Fighting the impact of fake traffic requires a gameplan
Herold recommends that CISOs create a game plan for addressing fake network traffic, refining existing network monitoring policies and procedures to account for the specific threats and challenges it creates for the organization.
“That should address how fake traffic is used in positive ways such as stress testing as well as identify how it can be used in malicious ways and what to do about it. It should be documented as part of the risk management plan,” Harold says. “Even though this issue has existed for a long time, it’s often not addressed separately.”
Herold also advises security teams to regularly review exceptions to the traffic flow policy; she recommends doing this at least annually or when significant changes are made, such as when implementing new technologies. And she advises removing exceptions when they are no longer required, such as when there is no longer a business need.
12 steps that can help mitigate issues with fake traffic
Herold offers 12 specific steps that can help security teams avoid traffic threats:
- Establish a traffic flow policy that applies to each managed interface to the organization’s network and full digital ecosystem.

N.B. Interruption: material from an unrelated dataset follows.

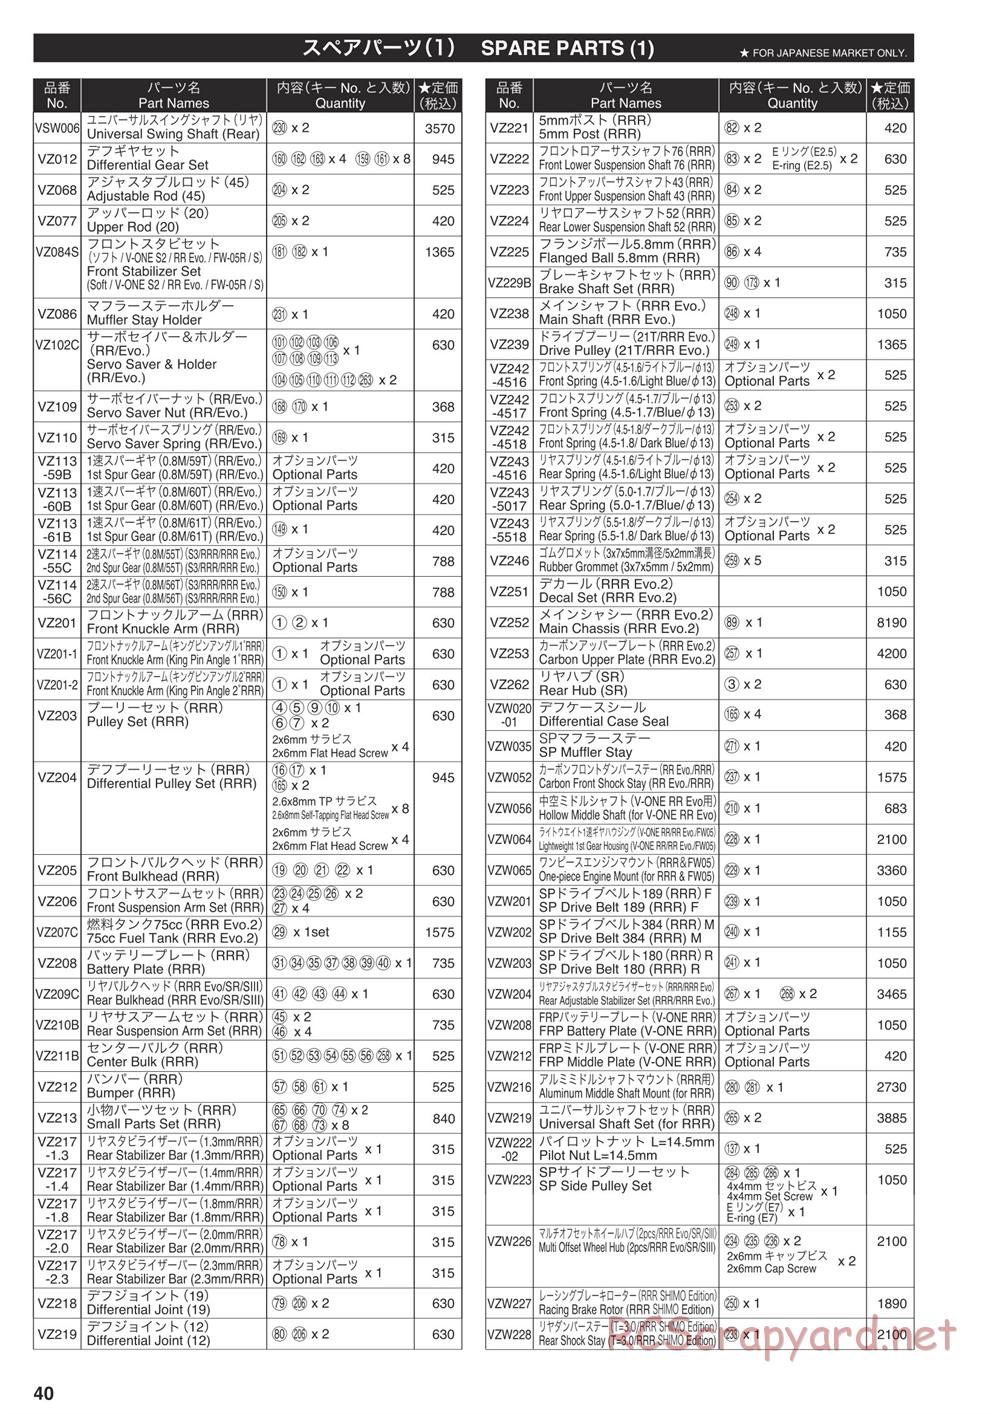 Kyosho - V-One RRR Shimo - Parts List - Page 1

- Implement procedures, controls and tools to monitor and control network traffic at the external managed interfaces to the system such as firewalls and DMZs, web servers, IoT devices, and employee-owned wireless routers and at key internal managed interfaces within the system.
- Deny all types of network traffic by default and allow specific types of network traffic by authorized exceptions and/or established authorized types of traffic.
- Implement procedures and tools to detect and prevent unauthorized exchange of network traffic with external networks.
- Connect the organization’s network to external networks or systems only through managed interfaces consisting of boundary protection devices and digital tools designed, implemented, and aligned with the organizational security and privacy architecture.
- Limit the number of external network connections to support managed monitoring of inbound and outbound communications traffic.
- Implement a managed interface (including controls such as access controls, etc., and protections such as IDS/IPS, etc.) for each external telecommunication service.
- Implement subnetworks for publicly accessible system components that are physically and/or logically separated from internal organizational networks (e.g., internet access hubs for visitors/public users from within the organization, such as in hospitals, schools, etc.).
- Protect the confidentiality and integrity of data transmitted across each interface.
- Document each exception to the traffic flow policy (should support a corporate security policy exception policy with centralized management) with a supporting mission or business need, including required mitigating controls, duration of the exception, etc.
- Patch or update all components of the digital ecosystem as soon as possible.
- Provide training at least once a year and following major changes to IT staff responsible for performing these activities and send them occasional awareness reminders.